On Wed, 18 Mar 2026 19:14:25 GMT, Hai-May Chao <[email protected]> wrote:
>> This change implements behavior required by the specification Post-quantum
>> hybrid ECDHE-MLKEM Key Agreement for TLSv1.3. The specification defines
>> several validation checks during the hybrid key exchange that require
>> aborting the connection with either an illegal_parameter alert or an
>> internal_error alert.
>>
>> In 4.2. Server share section specifies the following checks:
>> For all groups, the server MUST perform the encapsulation key check
>> described in Section 7.2 of [NIST-FIPS-203] on the client’s encapsulation
>> key, and abort with an illegal_parameter alert if it fails.
>>
>> For all groups, the client MUST check if the ciphertext length matches the
>> selected group, and abort with an illegal_parameter alert if it fails. If
>> ML-KEM decapsulation fails for any other reason, the connection MUST be
>> aborted with an internal_error alert.
>>
>> For all groups, both client and server MUST process the ECDH part as
>> described in Section 4.2.8.2 of [RFC8446], including all validity checks,
>> and abort with an illegal_parameter alert if it fails.
>>
>> In 4.3. Shared secret section specifies the following check:
>> For all groups, both client and server MUST calculate the ECDH part of the
>> shared secret as described in Section 7.4.2 of [RFC8446], including the
>> all-zero shared secret check for X25519, and abort the connection with an
>> illegal_parameter alert if it fails.
>>
>> This implementation propagates exceptions raised during ECDH and ML-KEM
>> operations in client and server sides from the Hybrid and DHasKEM classes
>> (which implement KEMSpi) to the TLS handshake layer, where they are mapped
>> to the corresponding TLS fatal alerts.
>
> Hai-May Chao has updated the pull request incrementally with one additional
> commit since the last revision:
>
> Update with Mikhail's comment
Marked as reviewed by wetmore (Reviewer).
src/java.base/share/classes/sun/security/ssl/KAKeyDerivation.java line 1:
> 1: /*
This logic is specific to the current Hybrid KEM draft. Is there a chance a
different (e.g. non-hybrid) KEM might have different behavior specified?
(I don't know the answer, but wanted to check.)
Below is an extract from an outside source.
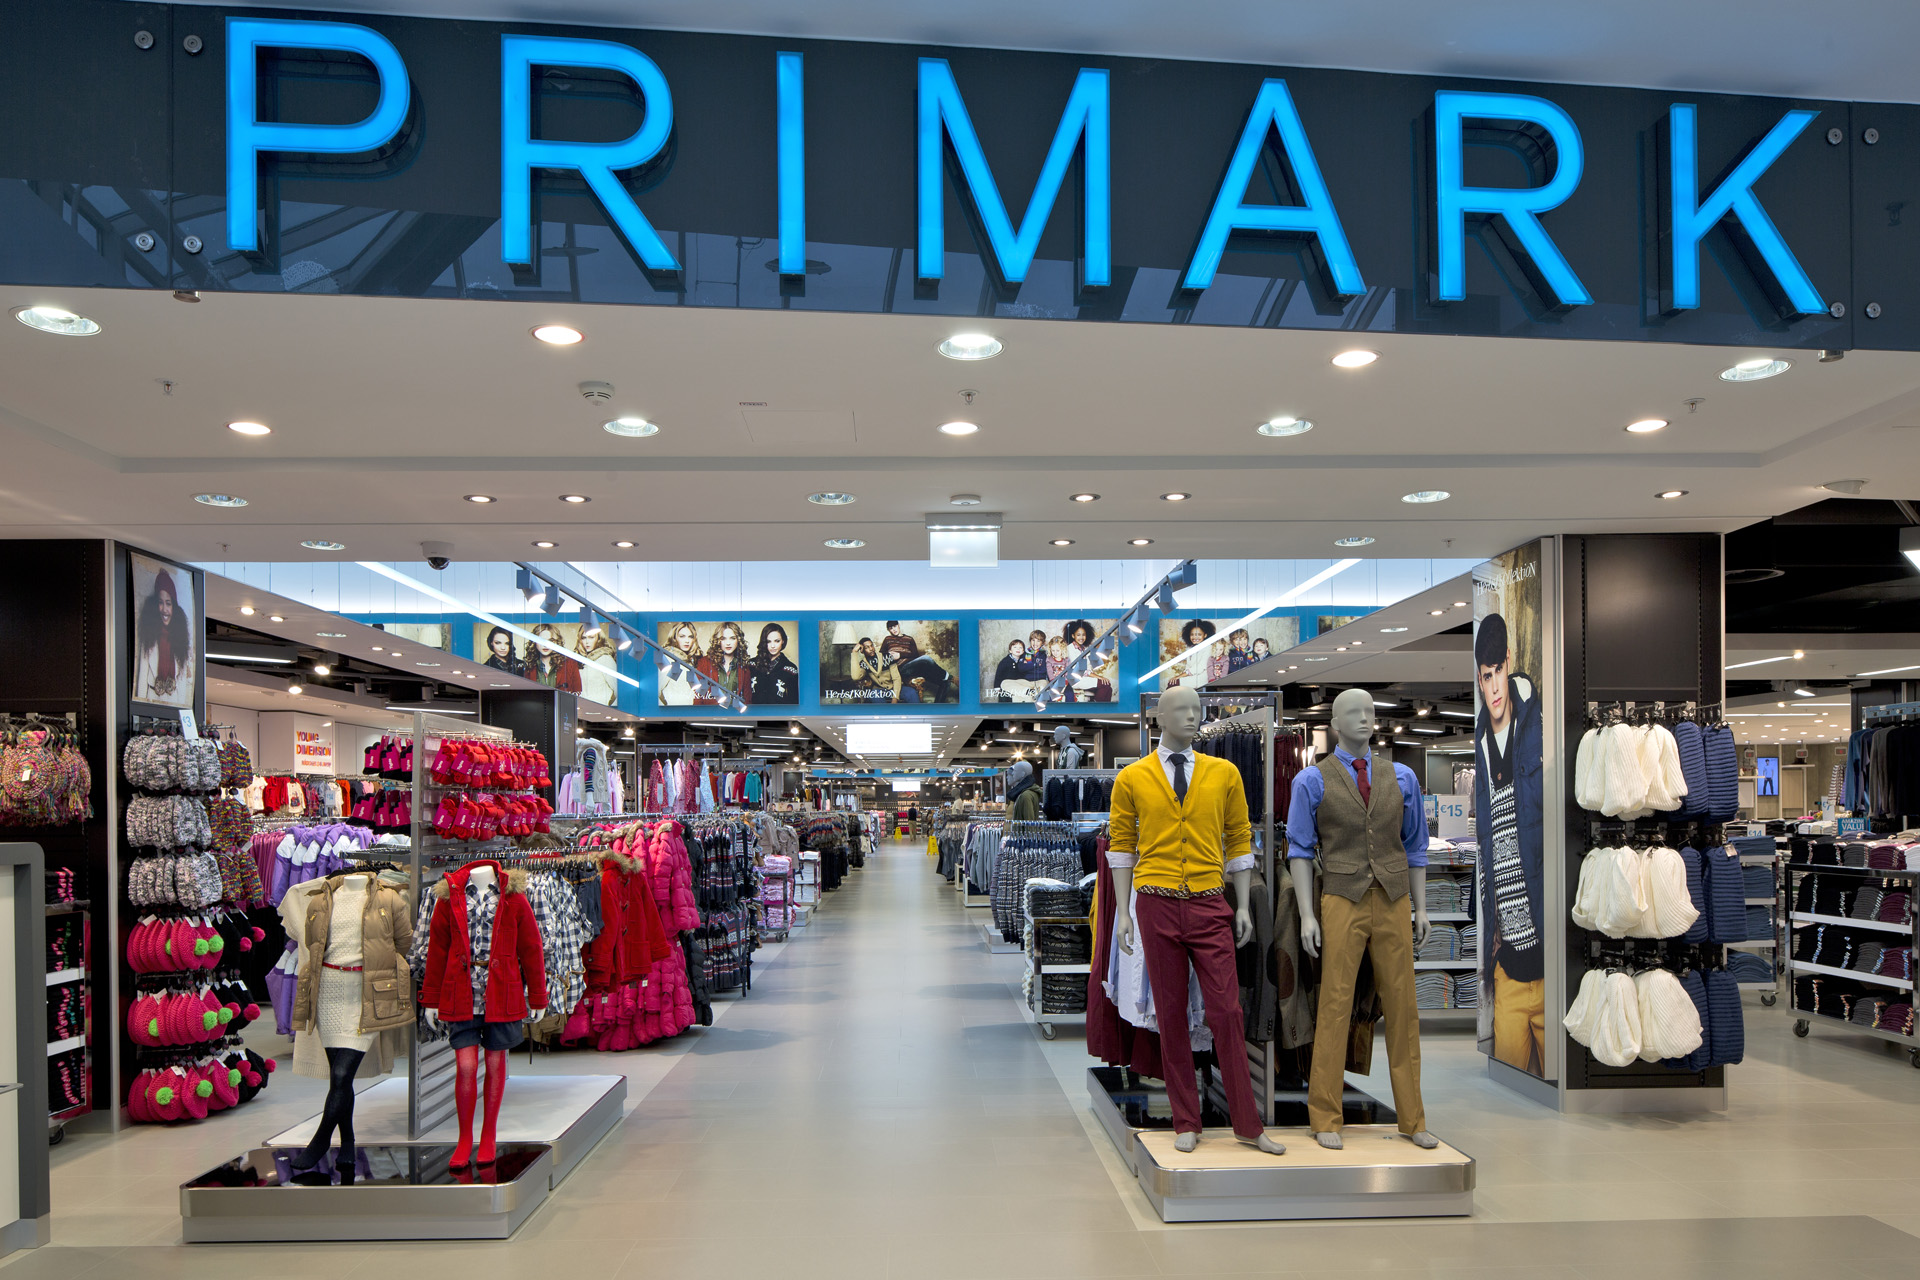 Primark, shopping low cost: il negozio aprirà in Campania

src/java.base/share/classes/sun/security/ssl/KAKeyDerivation.java line 207:
> 205: throw context.conContext.fatal(Alert.INTERNAL_ERROR, e);
> 206: } catch (RuntimeException e) {
> 207: throw context.conContext.fatal(Alert.INTERNAL_ERROR, e);
Consider adding a similar comment here for RTE as on lines 203/204 ? I like
seeing what options were considered.
If not, then you could combine lines 202+206 in a multi-catch. (but meh...)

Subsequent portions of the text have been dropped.